Ali Lmrabet is a significant and controversial figure in Moroccan journalism and has often been at the forefront of official hostility. Born in 1959 in a small village close to Al-Hoceima, he went to school in Tetouan, Northern Morocco, where he attended the Alliance Israelite Universelle.

Then, Ali went to university in France where he studied literature. When he returned to Morocco, he joined the diplomatic corps.

In 1997, he moved from diplomacy to journalism, joining La Vie Économique, one of the first publications seeking to exploit the era of new-found press freedom that King Hassan II’s constitutional reforms the year before had ushered in.

Even then, press freedom was more words than deeds. Everyone was aware of the "red lines" that comment could not cross without attracting the displeasure of the Royal Palace which, in any case, often controlled the new publications. La Vie Économique, for instance, was owned by a French friend of the king, Jean Louis Servan Schrieber.

Nonetheless, Ali’s publication nurtured a group of young radicals, such as Ahmed Benchemisti, later the founder of Tel Quel, and Aboubakr Jamai, the son of a veteran journalist, Khalid Jamai, who had edited the Istiqlali daily L’Opinion years before.

A year later, Ali Lmrabet moved to another new publication with a more radical agenda, Le Journal Hebdomadaire, organised by Aboubakr Jamai, with initial backing from circles close to the Royal Palace, although that was soon reversed.

     Press freedom was more words than deeds. Everyone was aware of the "red lines" that comment could not cross without attracting the displeasure of the Royal Palace.


In 1999, he founded Demain and a year later Demain Magazine as satirical publications, together with an Arabophone version, Douman.

Ali found out that satire is potentially dangerous when in 2001 he hinted that the king’s summer palace at Skhirat was for sale. That earned him a four month prison sentence and a 300 Euro fine. Then, in May 2003, he received a three year prison sentence and a 2,000 Euro fine for lampooning the Royal Palace, and his publications were temporarily banned.

He served nine months before receiving a royal pardon in January 2004. There were other provocations too; an interview with the Israeli premier in 1998 and another with a senior figure in the Polisario Front.

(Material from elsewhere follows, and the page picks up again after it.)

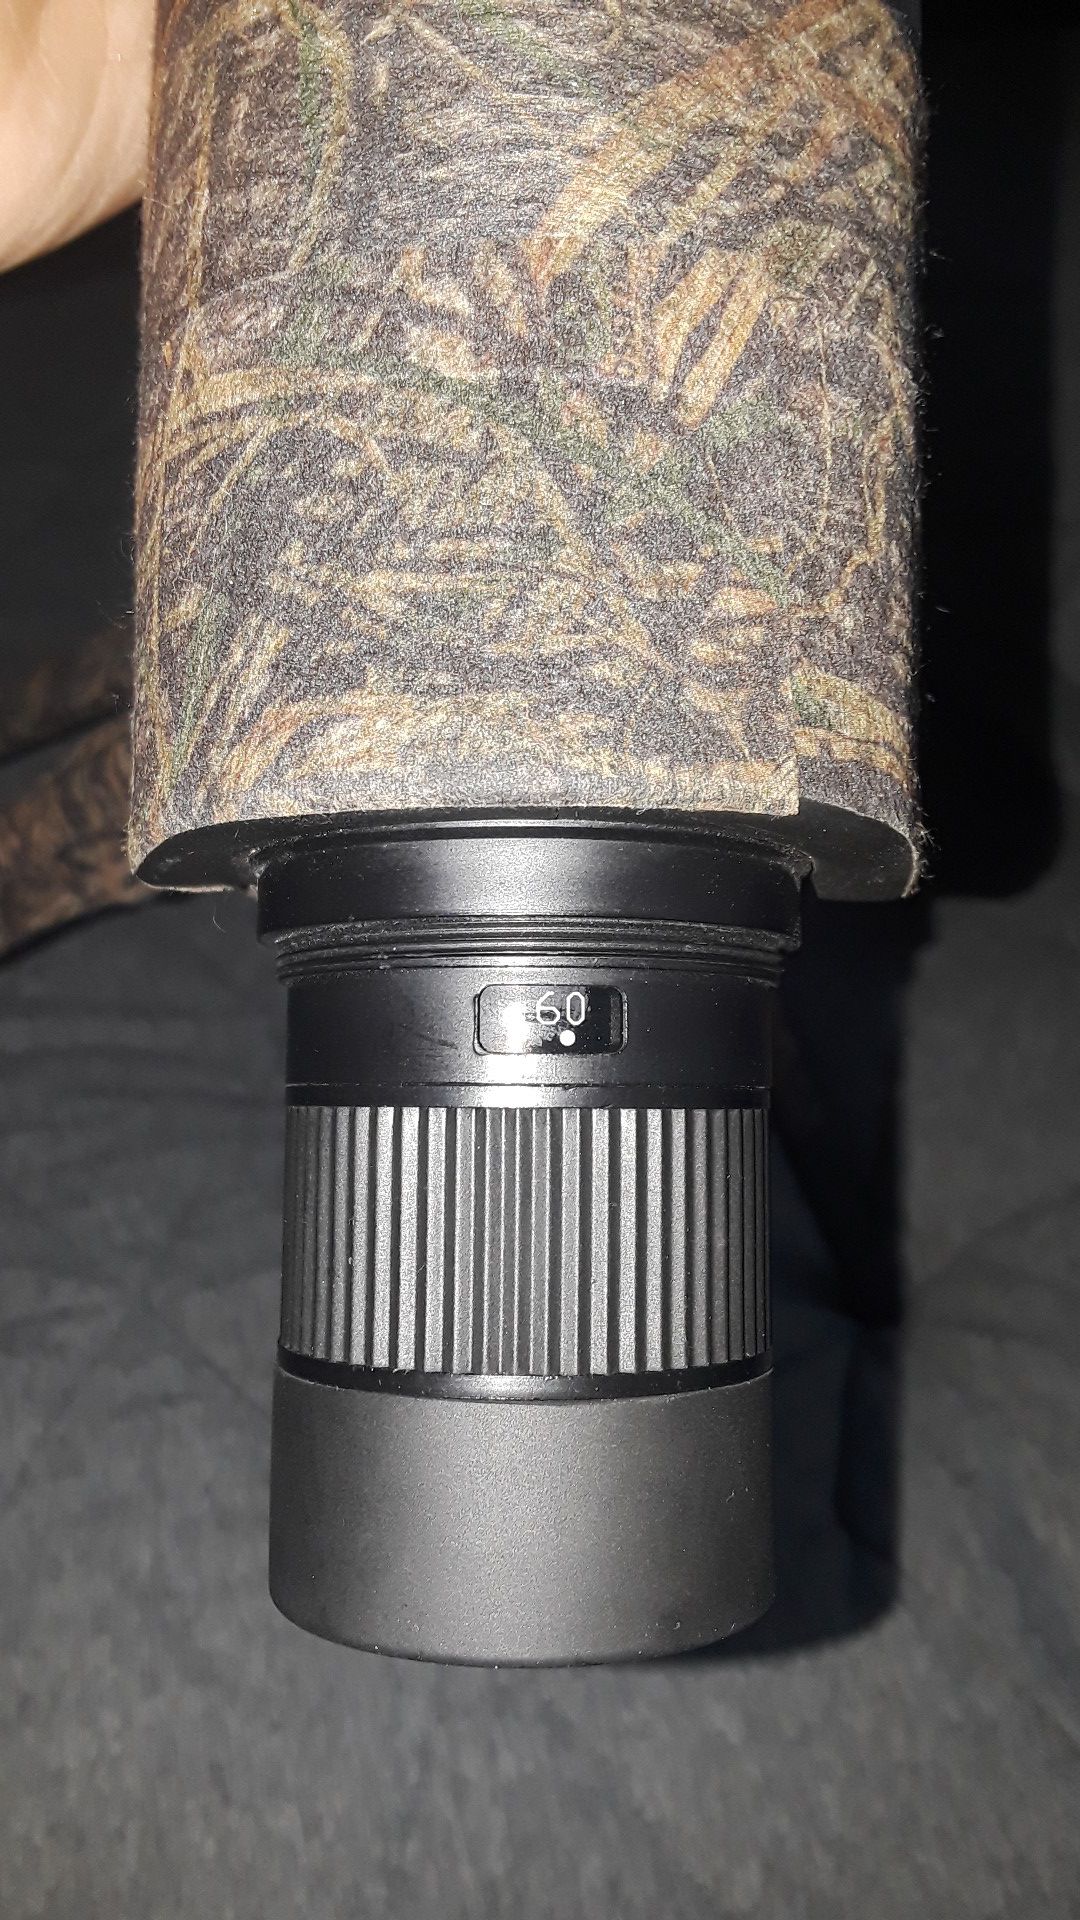 Hunting,Spotting Scope good condition well maintained with camo tape cover

In fact, it was the Western Sahara issue that caused the latest crisis. In 2005, he was sued by a pro-royalist Sahraoui movement for describing the inhabitants of the Saharaoui camps at Tindouf in Algeria as "refugees" rather than as "captives" - the official line in Morocco.

A court then banned him from publishing in Morocco for ten years and he left for Spain instead. It will be an indication of the current state of press freedom in Morocco to see how long his new satirical publication will survive, particularly as one of his close collaborators is to be the cartoonist, Khalid Gueddar, who received a four year suspended sentence in 2004 for "lack of respect" for the royal family and the national flag!



George Joffe is a research fellow at the Department of Politics and International Studies at the University of Cambridge and visiting professor of geography at Kings College, London, specialising in the Middle East.



Opinions expressed in this article remain those of the author and do not necessarily represent those of al-Araby al-Jadeed, its editorial board or staff.